Before conducting any parametric analyses, it is essential to explore the data and validate that certain assumptions are met. Parametric tests include some of the most commonly used analytical tools to compare groups of data with continuous variables, such as the Student’s t test and Analysis of Variance (ANOVA) test. These tests compare the mean values of data in each group, so two primary assumptions are made about data when applying these tests:

  1. Data in each comparison group show a Normal (or Gaussian) distribution

  2. Data in each comparison group exhibit similar degrees of Homoscedasticity, or Homogeneity of Variance

Normality, also known as a Gaussian distribution or a “bell-shaped” curve, refers to the degree to which data show a central tendency and symmetrical distribution relative to the mean. It is important for data in each group being compared to exhibit characteristics of normality. Because parametric tests compare means between data groups, the means must be a faithful representation of the data. Parametric tests’ p values will only be valid when the data exhibit a normal distribution. 

One way in which data can depart from normality is by being asymmetrical in one direction or another. Data that is positively skewed has a longer tail in the direction of higher values, whereas data that is negatively skewed has a longer tail in the direction of lower values. Skewness is, therefore, the degree to which data departs from a symmetrical normal distribution, as shown graphically below:

Data may be symmetrical around the mean but still depart from a perfect normal distribution by showing certain flatness or peakedness characteristics. Kurtosis is a statistical measurement used to describe the degree to which values cluster in the tails or the peak of a frequency distribution, ranging from platykurtic to leptokurtic. As shown below, platykurtic refers to a flatter, more uniform distribution. Leptokurtic refers to a narrower and more peaked central distribution.  Mesokurtic refers to the kurtosis of a perfectly normal distribution. 

 

Homoscedasticity, or homogeneity of variance, is the other primary assumption for parametric tests. This refers to the dispersion pattern of data and how similar this pattern is between groups being compared. Not only is it assumed that data in each comparison group demonstrate a normal distribution, but each group is also assumed to exhibit similar levels of variability or “noise” for parametric tests to compare them accurately. When groups exhibit different variances, alternative analytical approaches may be recommended.

 

Graphical Tools to Explore Data

A powerful and effective way to explore data is by plotting them graphically to inspect data characteristics visually. While a simple bar chart may be suggested initially, there are other graphing tools that are more effective ways to visualize all data points and compare groups of data. The Scatterplot is an excellent tool to explore data because it includes every data point and can include the mean value as a horizontal line within each group. It is possible to scan for the symmetry of the data and identify points that may create a skewed distribution, potentially outliers that need further consideration. 

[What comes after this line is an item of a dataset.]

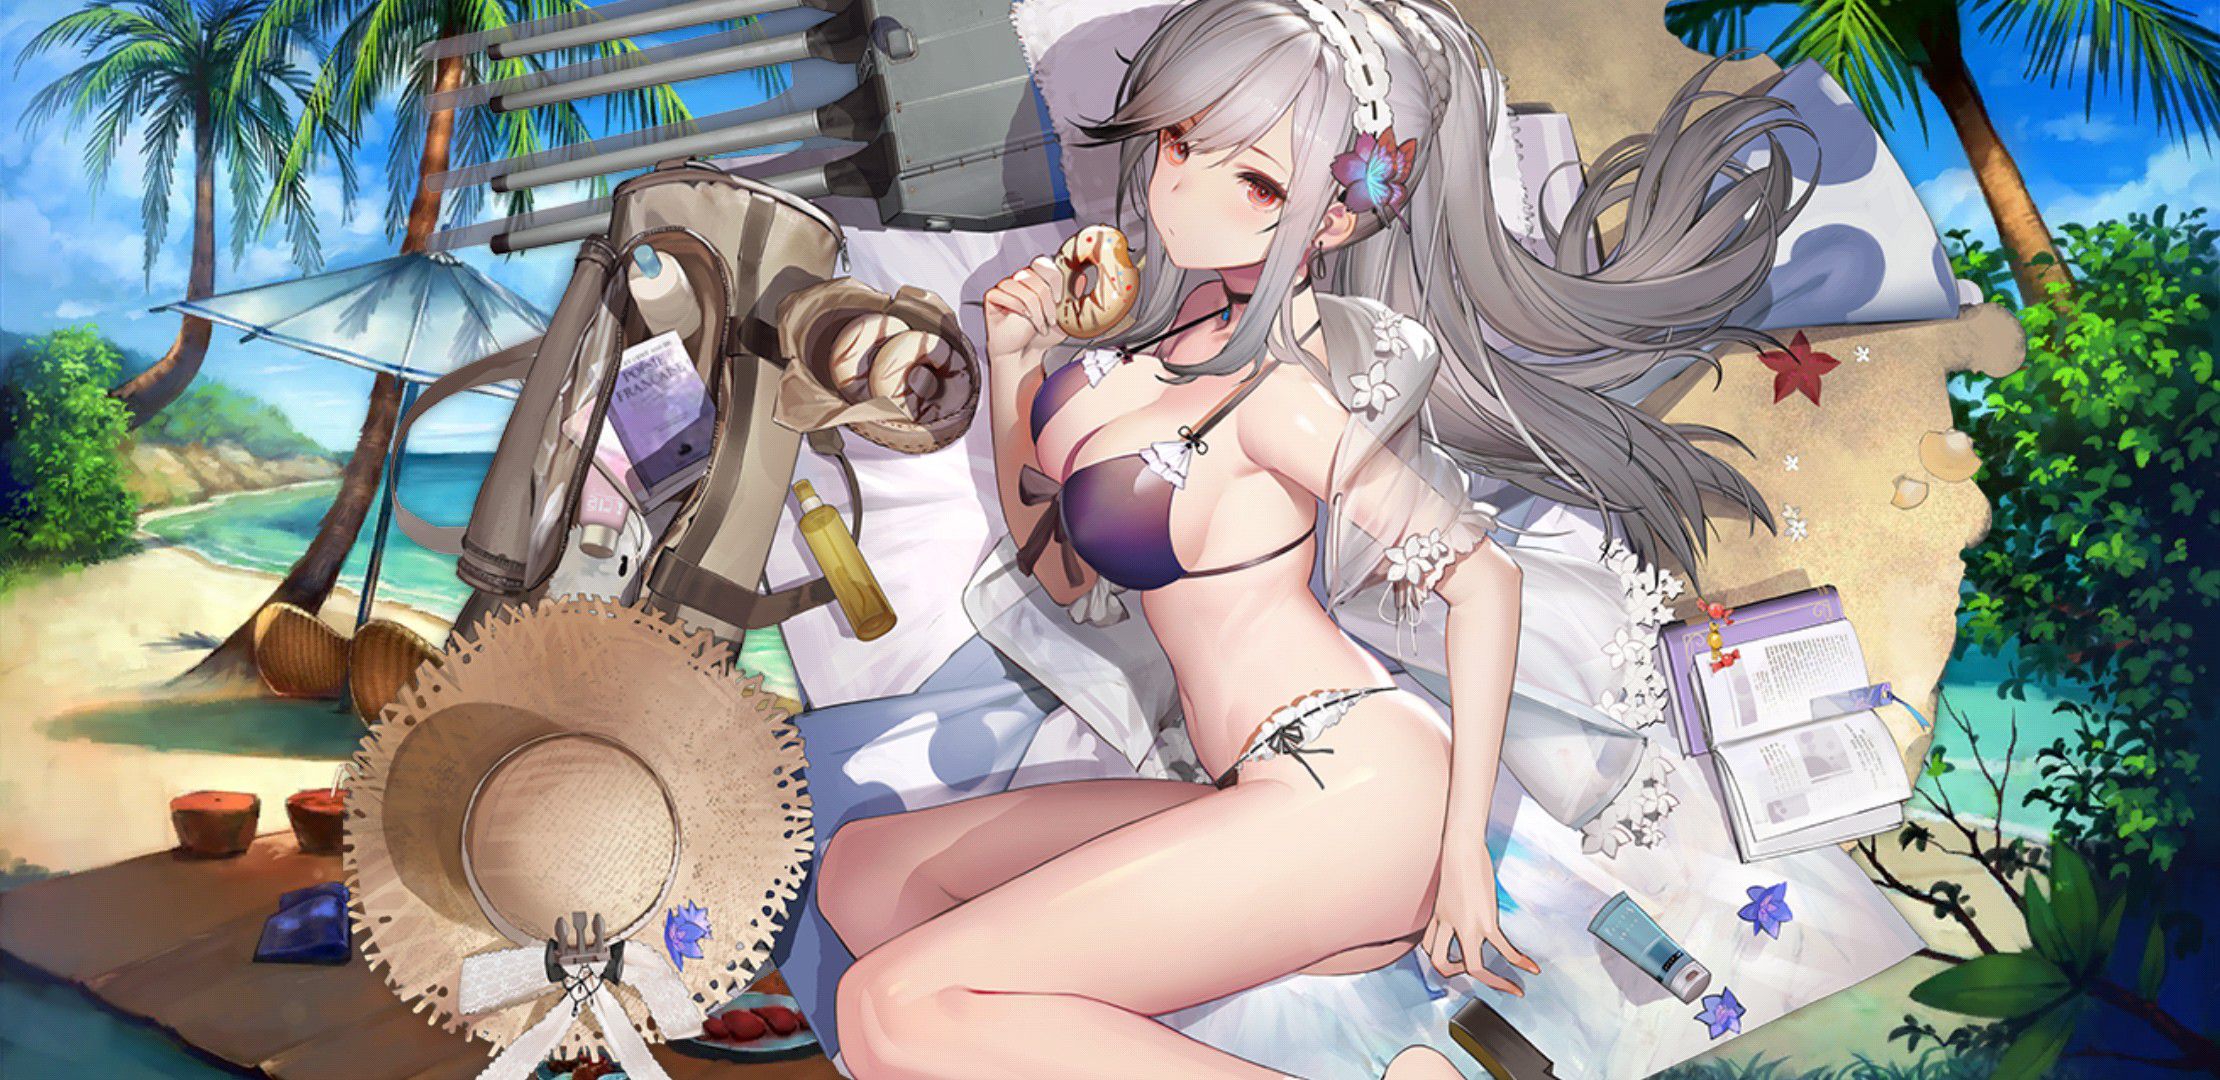 【There is an image】 Smartphone that urges charging with erotic swimsuits is malicious 43

A second useful plotting technique is the Box and Whiskers plot, originally developed by John Tukey. This plotting technique creates a box bound by defined upper & lower quartile values surrounding the median value of the data. Minimum and maximum data values are represented by whiskers protruding from the box. The geometric representations of these values can be qualitatively examined for symmetry and amount of variance. Potential outlying data points can also be identified.  

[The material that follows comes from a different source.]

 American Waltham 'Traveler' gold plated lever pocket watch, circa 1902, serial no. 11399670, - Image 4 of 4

A newer graphical tool is the Violin Plot, which represents the data in a unique way that allows visualization of normality and homogeneity of variance by enclosing data in a single shape for each comparison group. Simply examining the symmetry and size of the shapes will reveal if data conforms to a normal distribution with homogeneous variability.

 

A final graphical tool that is particularly useful in assessing normality assumptions is the Quantile-Quantile plot, also referred to as the QQ plot. By graphing the actual values of data (along the x-axis) against predicted values of similar hypothetical data that obey a perfect normal distribution (along the y-axis), one can assess normality by simply observing how closely the data points adhere to the diagonal line. It is an elegant way to illustrate if data conform to normality and if either comparison group has outliers or patterns of variability that defy the assumption of homogeneity of variance.

 

Formal Tests to Explore Data

Exploring data graphically is an indispensable qualitative tool to check the assumption of normality before applying parametric tests, but there are also formal tests available within Prism to assess how likely it is that data are adhering to normality. Four formal methods to test data distribution for normality are the following:

  1. Anderson-Darling test
  2. D’Agostino-Pearson omnibus normality test
  3. Shapiro-Wilk normality test
  4. Kolmogornov-Smirnov normality test

Each of these methods will calculate a p value for each comparison group evaluating whether it is likely that a normal distribution is reflected by the data. The application of these formal tests can be a reassuring tool to confirm the normality assumption that was visually observed during graphical exploration of the data.

Outliers

The consideration of potential outliers is an important topic unto itself, but graphical exploration of data can be a good tool to identify when further consideration is warranted. Data points that are far removed from the group, lying an abnormal distance from the mean, can skew the symmetry of distribution and call in a question the assumption of normality. There are several steps to consider in handling potential outlying data points. There is no guaranteed way to separate outliers from values sampled from a Gaussian distribution. There is always a chance that some true outliers will be missed, and that some "good points" will be falsely identified as outliers.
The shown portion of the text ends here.